The police brought Mr. Drake to identify Diane's body. When he first saw her, he said, he thought it was someone else.

"That's my daughter's watch,' he said. "That's my daughter's birthmark. But that's not my daughter."

IN THE SPRING of 2000, Detective John Killian was working in the state police Major Crimes Unit when a letter about the 20-year-old case ended up on his desk.

It was from a Portsmouth woman who had moved out of state. She wrote that a few months after Diane Drake's murder in 1980, a Middletown man told her he had done it.

Killian and a Middletown police officer went to interview the woman, and questioned the man, who had been questioned in 1980, again.

The state police ran checks with every motor-vehicle department in the country, following a lead on a car.

"We looked into it to exhaustion," Killian said.

But 20 years after the fact, nothing could be proven.

"There is a lot of circumstantial evidence," Fucile said, in her e-mail. "Unfortunately, without a confession or a corroborating witness, we may never know what happened to Diane that night."

Elaine Egan talks about her friend's murder as though it happened yesterday. Like Diane's sisters, she is tormented by the fact that the killer has not been found.
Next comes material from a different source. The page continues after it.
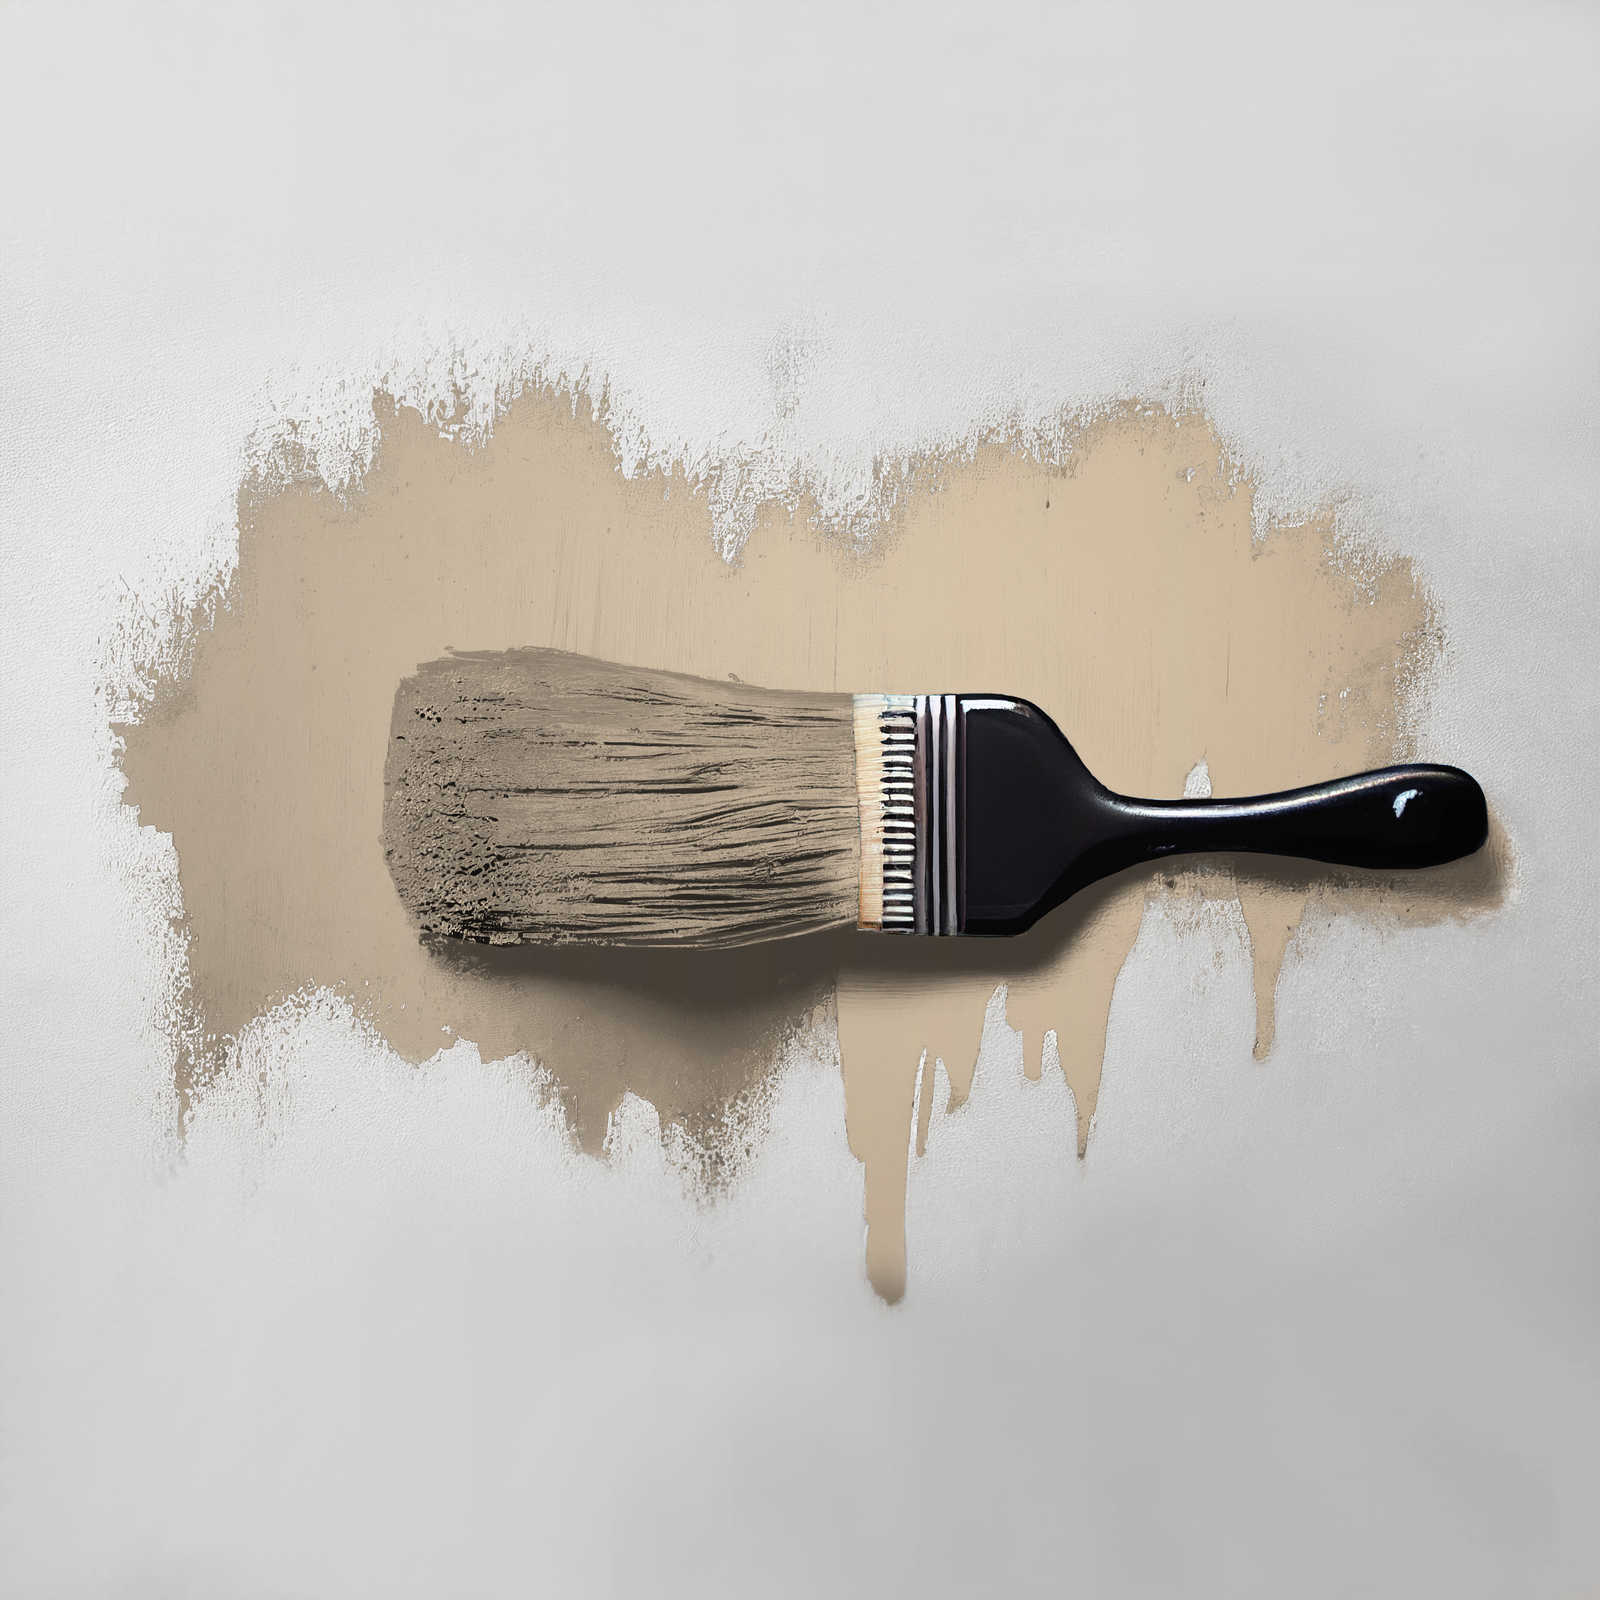             Pintura mural TCK6002 »Flat White Coffee« en beige cálido – 5,0 litro

She fears it will never happen.

"Realistically, how's it going to get solved?" she says. "Somebody needs to confess."

Newport police Capt. Alan Rolfe, who is now in charge of the investigation, would not comment on specifics of the case. He did say, however, that there was forensic evidence, and that he remains hopeful.

"We will go anywhere at any time to find out who killed Diane Drake," Rolfe said. "If this case is not solved, it will not be from lack of effort."

JOHN AND FRANCES DRAKE raised their family in Portsmouth and in Norfolk, Va. Diane, the seventh of nine children, learned to be independent at a young age.

"With a large family, you had to stick up for yourself, or you'd be lost," Mrs. Drake said. But her daughter was also a calming presence.

"She was a very peaceful person," said Terry. "She was the peacemaker between us, always trying to be diplomatic."

They describe Diane as a carefree 19-year-old who was rarely seen with makeup on but frequently had a paperback book jammed in the back pocket of her dungarees. One of her favorite authors was Kurt Vonnegut. She was studying criminal justice because she wanted to be a juvenile probation officer. She loved Van Morrison and James Taylor. Taylor's song "Blossom" was played at her funeral.

"I don't know how people deal with something like this if they don't have a background they can lean on," said Mrs. Drake. Without church, family and friends, she said, "I would have lost my mind."

Over the years, the notoriety of Diane Drake's murder has diminished on Aquidneck Island. Fewer and fewer people recognize the name. And family members have done their best to go on with their lives, coping with their loss in different ways.

Mrs. Drake says she feels Diane's presence watching over the family, protecting them from harm.

"I know where she is," Mrs. Drake said. "She's our guardian angel."

The older sister of the newborn baby that Diane was supposed to visit the weekend of her death is now a college student studying criminal justice.

"She's going to finish what Diane started," Mrs. Drake said.

After all this time, Diane's father doubts that finding the killer would bring him solace.

"I hoped they would catch up with the guy for several years," he said. "Then I decided it was probably best if we didn't know. We'd have to go through the whole damn thing again."

Terry disagrees.

"I want to find out who is walking around, living, breathing with this horrible secret. I just feel like they're going to get theirs someday."